→ **Input data**:
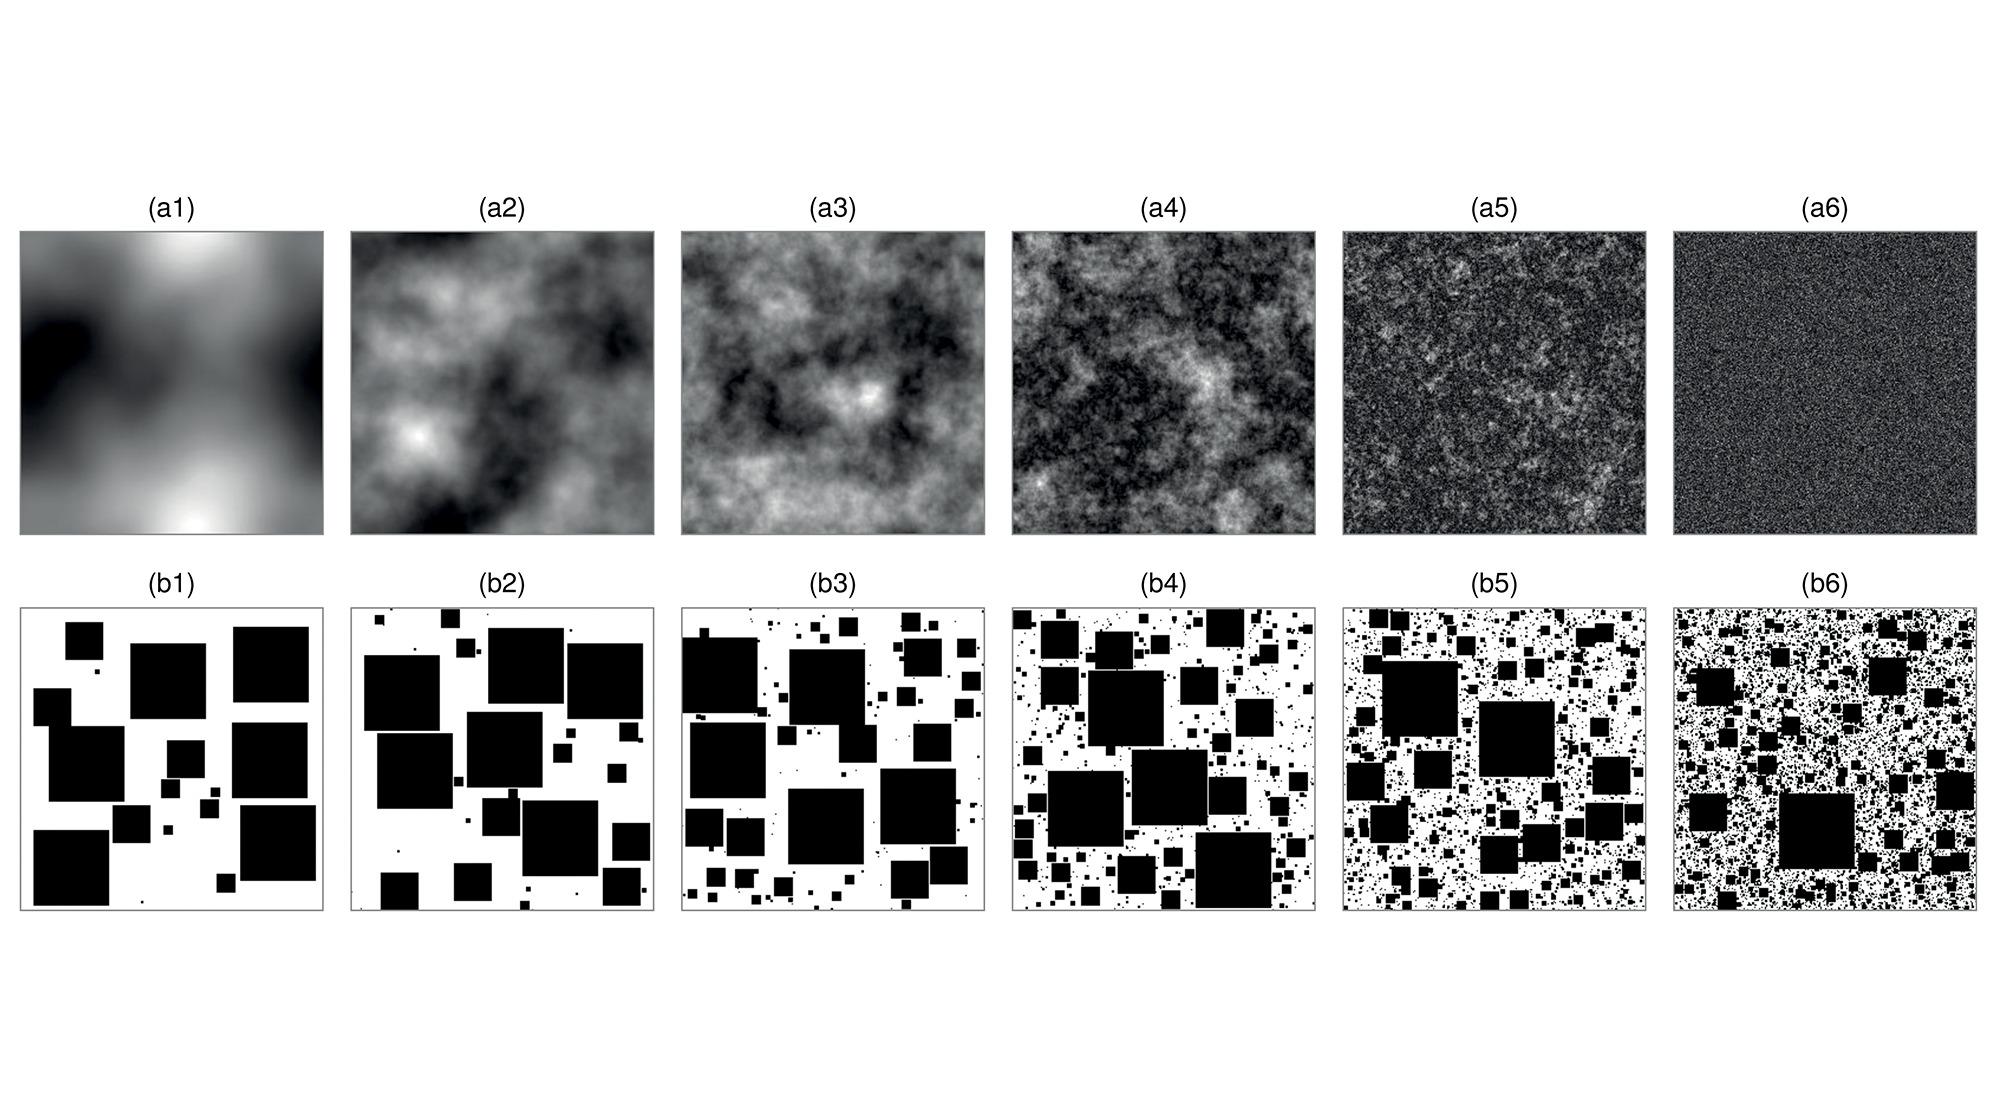 Nous avons donc généré des séries d'images aléatoires, avec des degrés de complexité croissante afin de quantifier la beauté
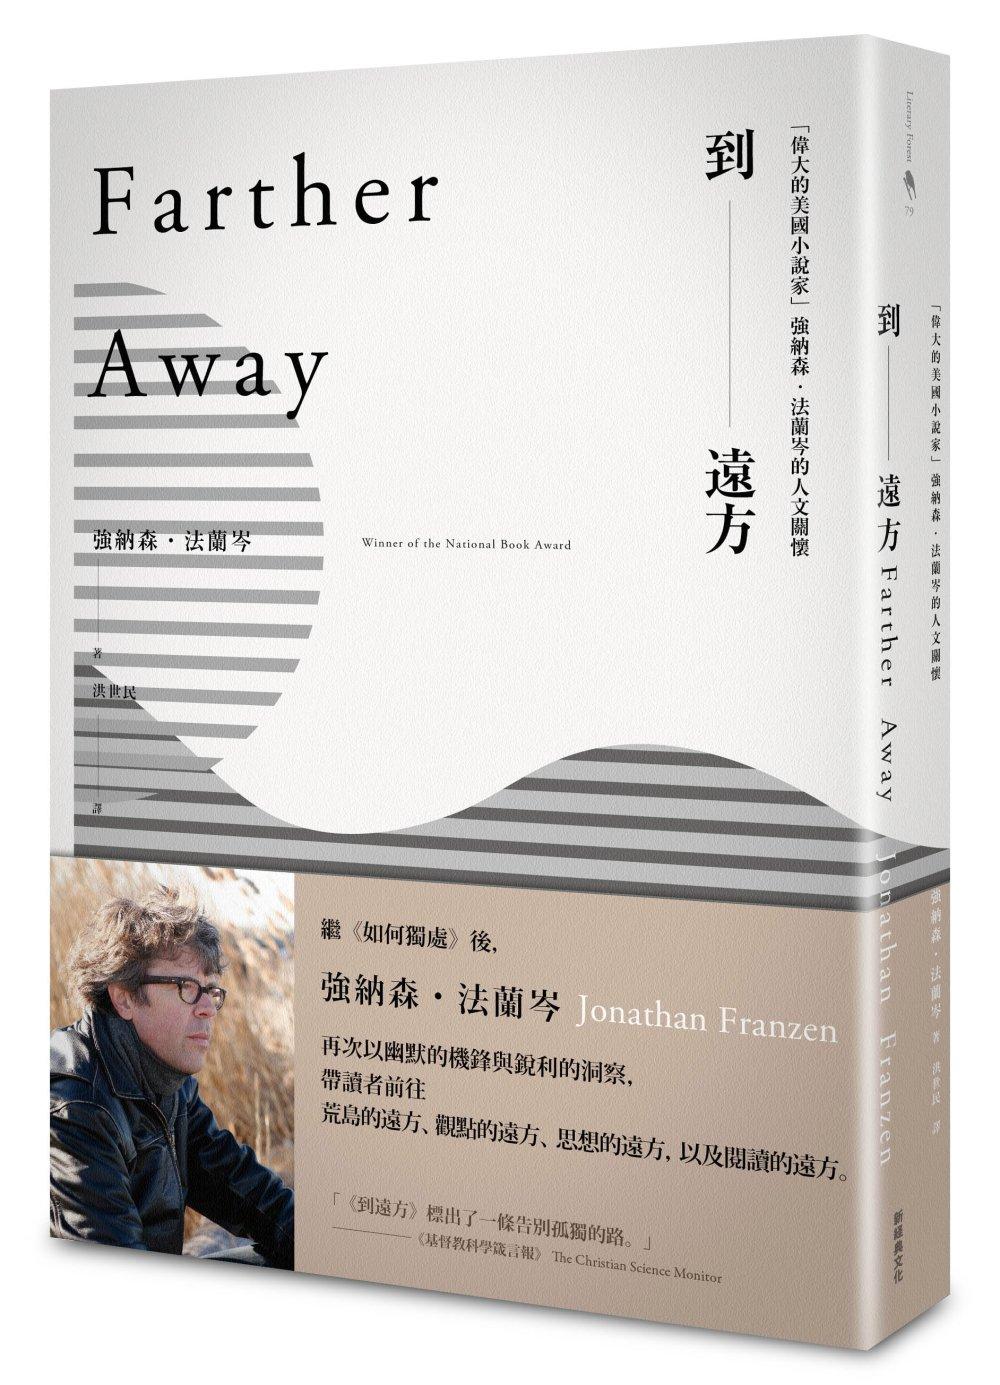 到遠方:「偉大的美國小說家」強納森‧法蘭岑的人文關懷
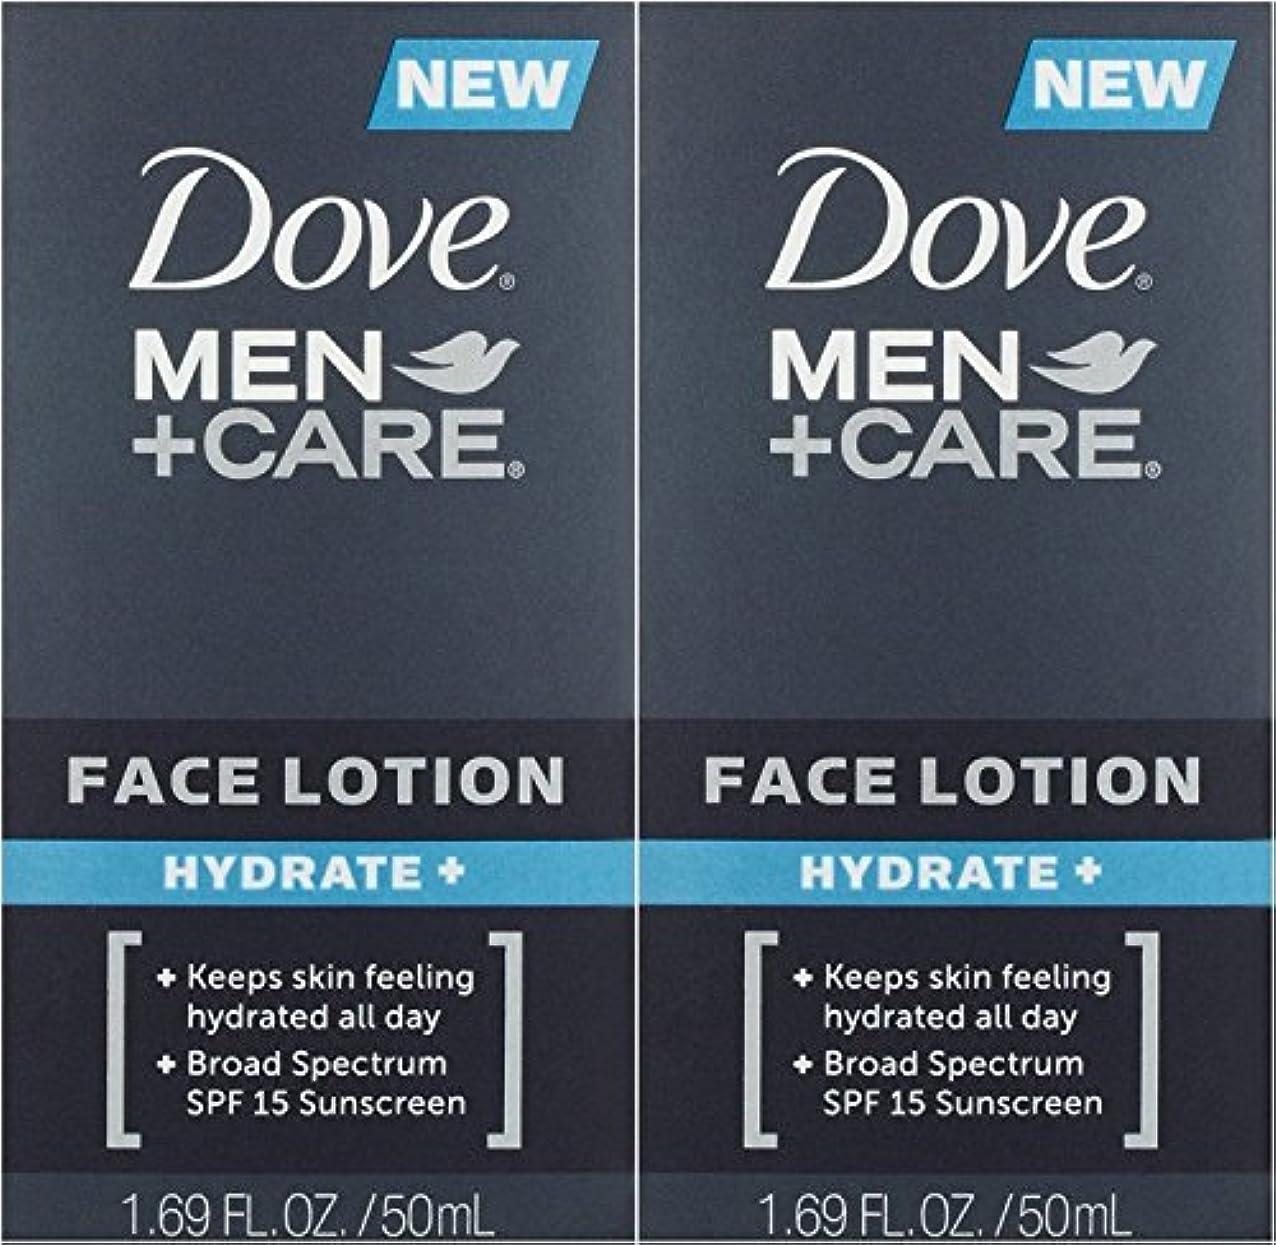 報酬の知性いま【アメリカ発送】 Dove Men+Care Face Lotion, Hydrate+ 1.69 oz ダブ 男性用 フェイスローション 潤い SPF 15 50ml
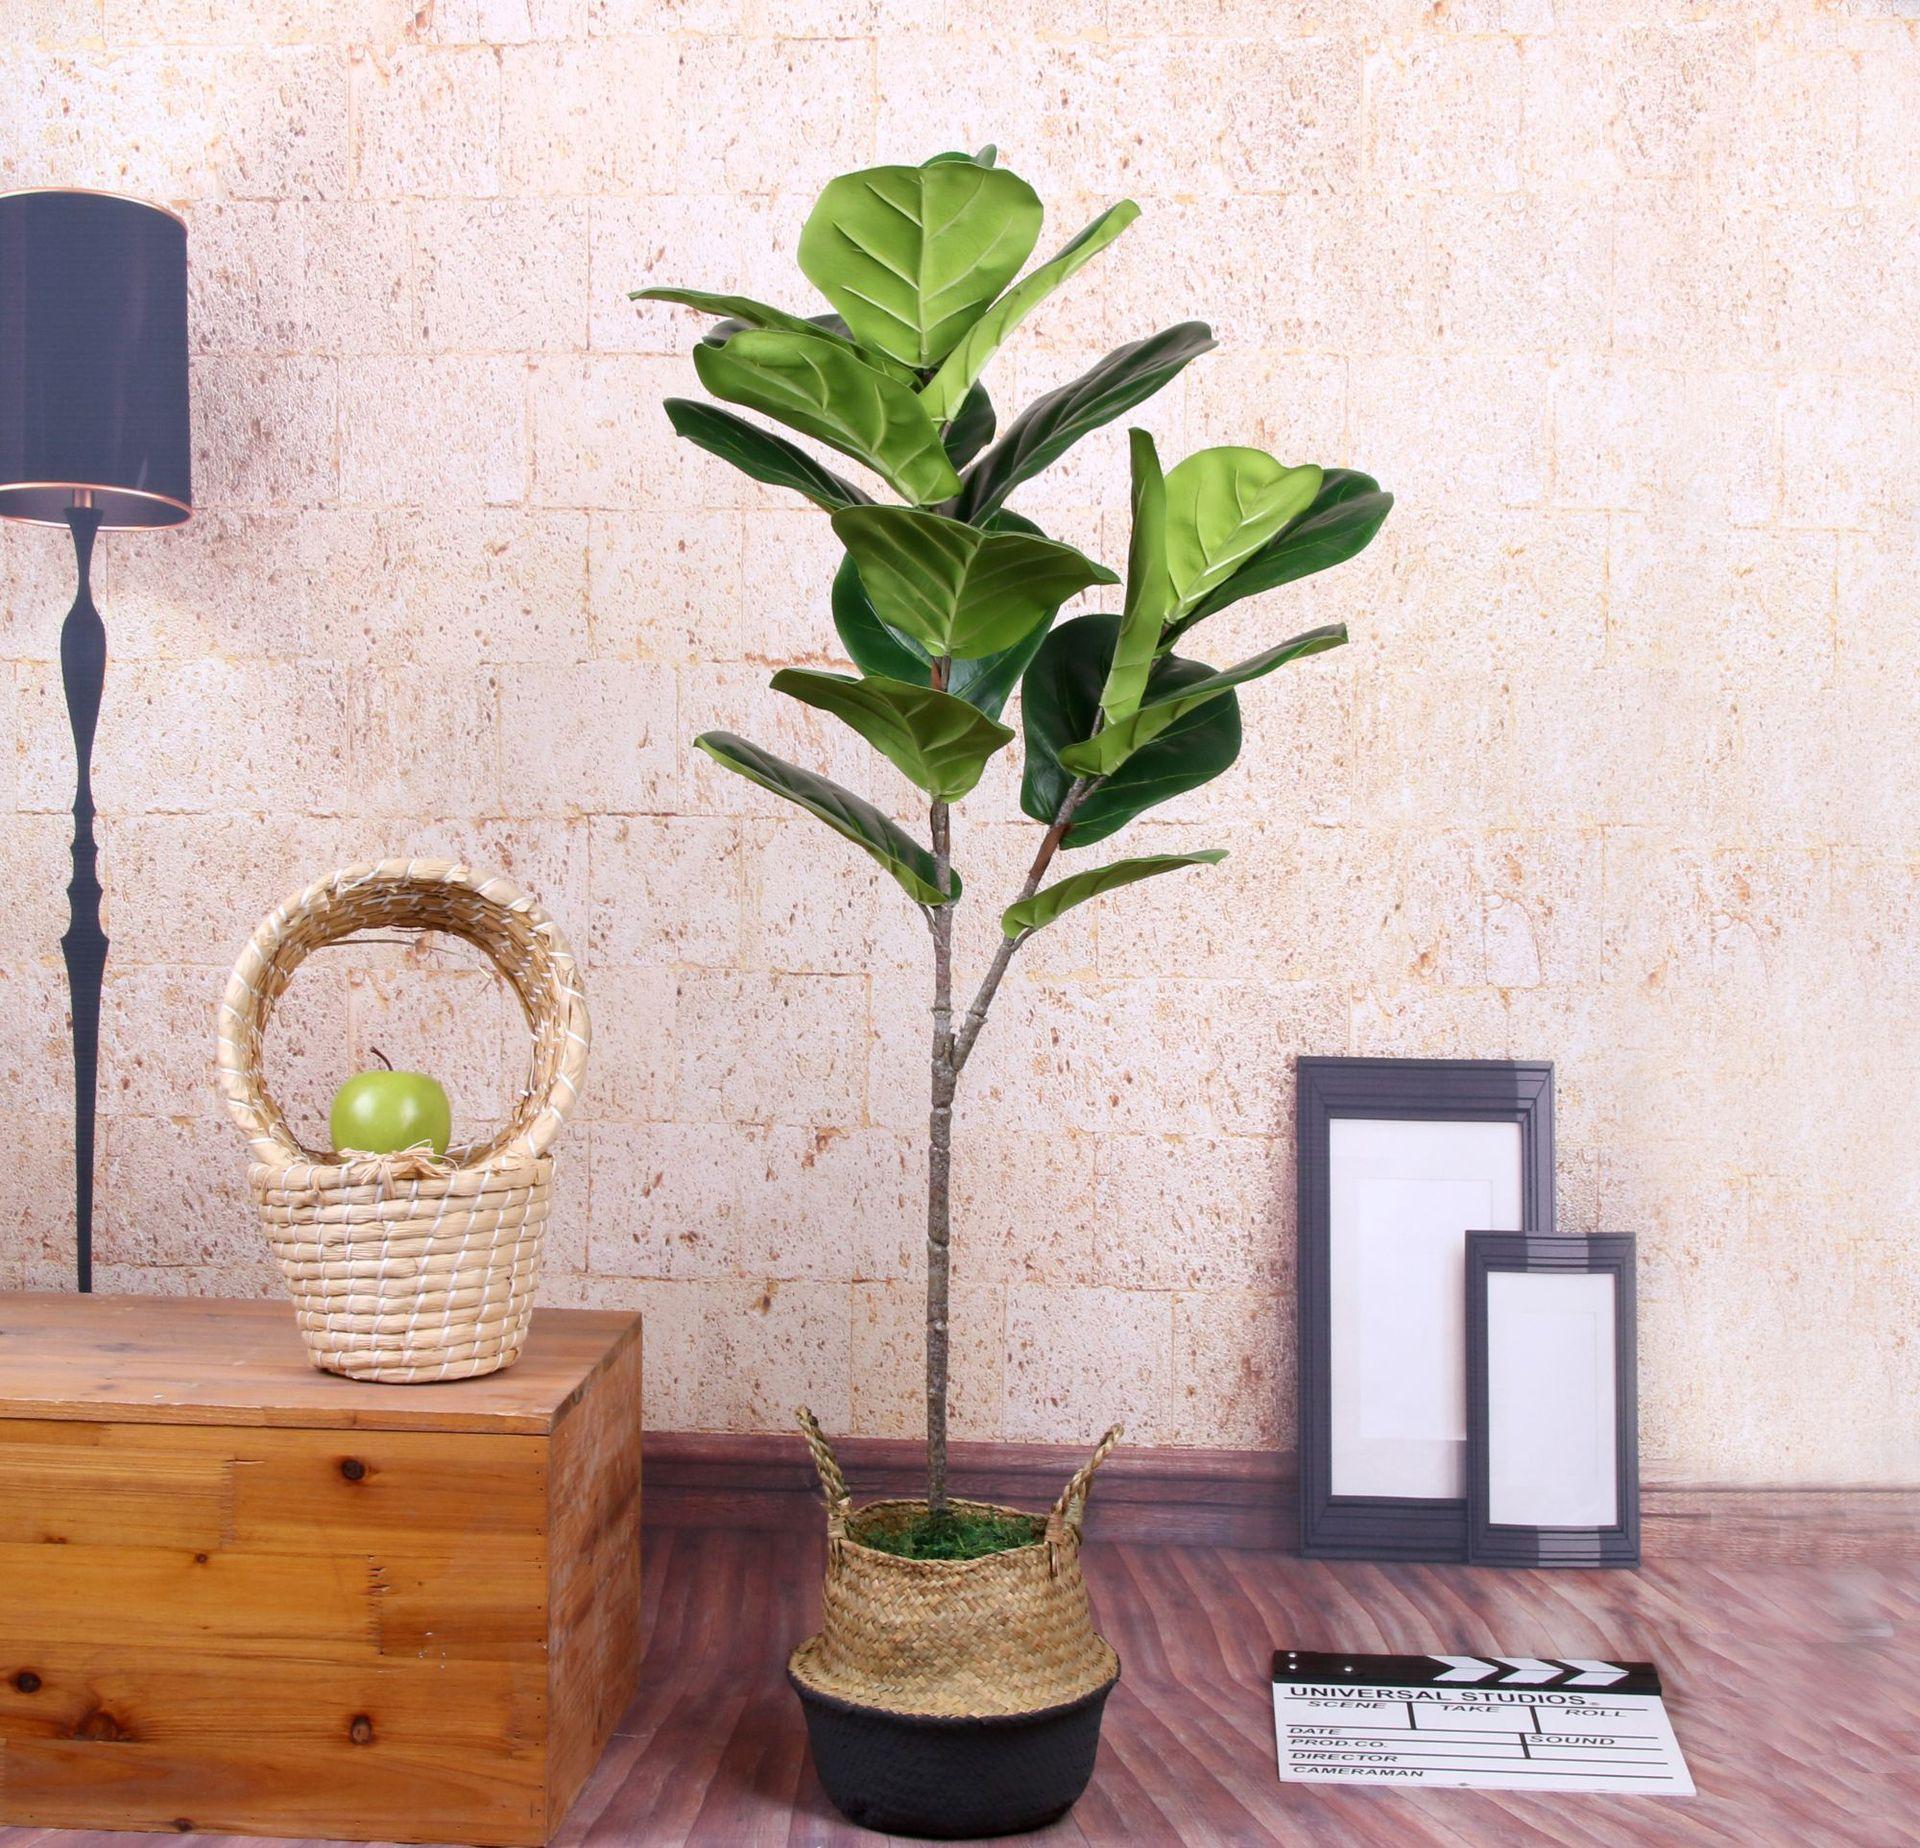 5 PCS Vero Tocco Artificiale Banyan Ramo di Un albero Artificiale albero di Banyan Pianta Falso albero di Banyan Bouquet Per La Casa Decorazione del Giardino-in Piante artificiali da Casa e giardino su  Gruppo 2

→ **What needs to be done**:
Your answer should reproduce every line of the data verbatim and include no images.

→ **Response to the task**:
 Nous avons donc généré des séries d'images aléatoires, avec des degrés de complexité croissante afin de quantifier la beauté
 到遠方:「偉大的美國小說家」強納森‧法蘭岑的人文關懷
 報酬の知性いま【アメリカ発送】 Dove Men+Care Face Lotion, Hydrate+ 1.69 oz ダブ 男性用 フェイスローション 潤い SPF 15 50ml
 5 PCS Vero Tocco Artificiale Banyan Ramo di Un albero Artificiale albero di Banyan Pianta Falso albero di Banyan Bouquet Per La Casa Decorazione del Giardino-in Piante artificiali da Casa e giardino su  Gruppo 2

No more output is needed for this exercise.